A to Z of making an intelligent voice assistant

It was 2011, a sad year for a lot of apple fans (me included) because Steve Jobs, one of original co-founders of Apple Computers died October that year. Also, it could become sadder if there was no iPhone 4S and its features that year.

A few years prior to the first introduction of Siri (which introduced with iPhone 4S), a movie called Iron Man came out from Marvel Studios. Unlike comic books, Jarvis wasn’t an old man in this movie. Jarvis was an A.I. I’m not sure if the movie inspired companies to add the voice assistant to their systems or not, but I’m sure a lot of people just bought those phones or tablets to have their own version of Jarvis!

Long story short, a lot of engineers like me, were under the influence of the MCU (Marvel’s cinematic universe) and Apple and wanted to have their voice assistant a little bit differently! Instead of buying an iPhone 4S, we preferred to start making our own voice assistants.

In this article, I’m discussing the basics you need to learn for making your very own version of Siri. I warn you here, there wil be no codes at least in this one!

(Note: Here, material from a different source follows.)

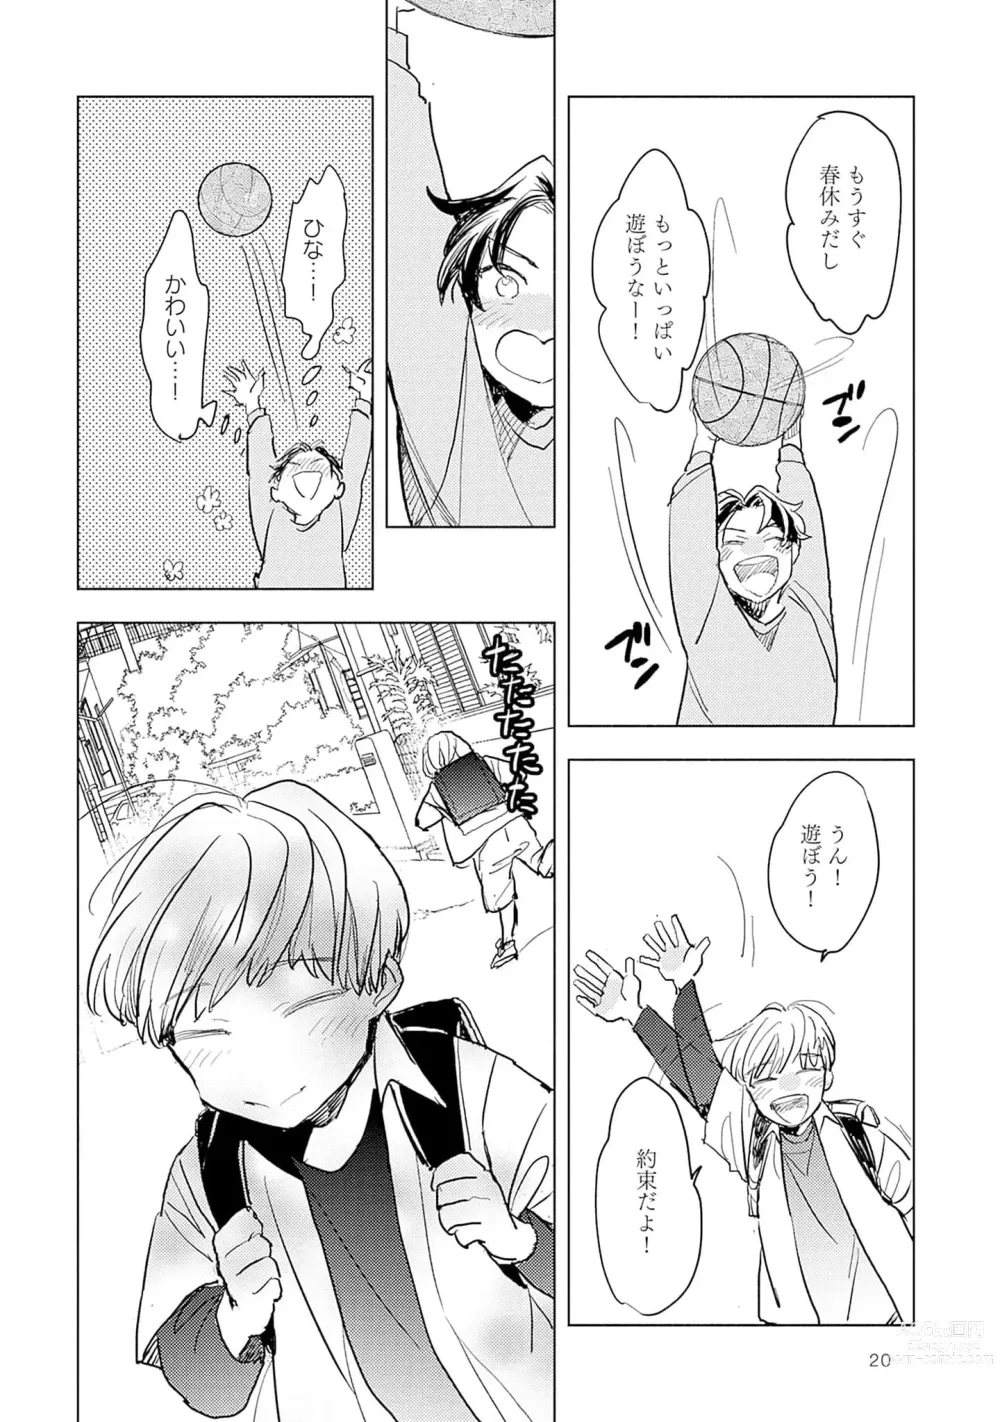 Page 22 of manga Strawberry na Days 2

How does a voice assistant work?

In order to make something, we first need to learn how on earth that thing works! So, let’s discuss about voice assistants and how they work. They’re much simpler than what you think. It’s guaranteed your mind will be blown by their simplicity!

  • Listening: a voice assistant, as called, needs to listen to the voices and detects what is a decent human voice. For this, we need speech recognition systems. These systems will be discussed further. We just can make one, or we can use one that’s already made.
  • Understanding: In the 2015 movie Avengers: Age of Ultron, Tony Stark (a.k.a Iron Man) says “Jarvis is only a natural language understanding matrix” not considering the matrix part, other part of this sentence makes sense to me. Voice assistants need to understand what we tell them. They can have A.I or hard coded answers or a little bit of both.
  • Responding: after processing what we’ve said, the voice assistant needs to provide the responses that fit our request. For example, you say “Hey Alexa, play music” and your Alexa device will ask you for the title, you say “Back in Black” and she’ll play the song from spotify or youtube music.

Now, we know about the functionality. What about the implementation? It’s a whole other story. The rest of the article, is more about the technical side of making an intelligent chatbot…

Implementation of a Voice Assistant

Speech Recognition

Before we start to make our voice assistant, we have to make sure it can hear. So we need to implement a simple speech recognition system.

Although it’s not really hard to implement a speech recognition system, I personally prefer to go with something which is already made, like Python’s speech recognition library (link). This library sends the audio signal directly to IBM, Microsoft or Google API’s and shows us the transcription of our talk.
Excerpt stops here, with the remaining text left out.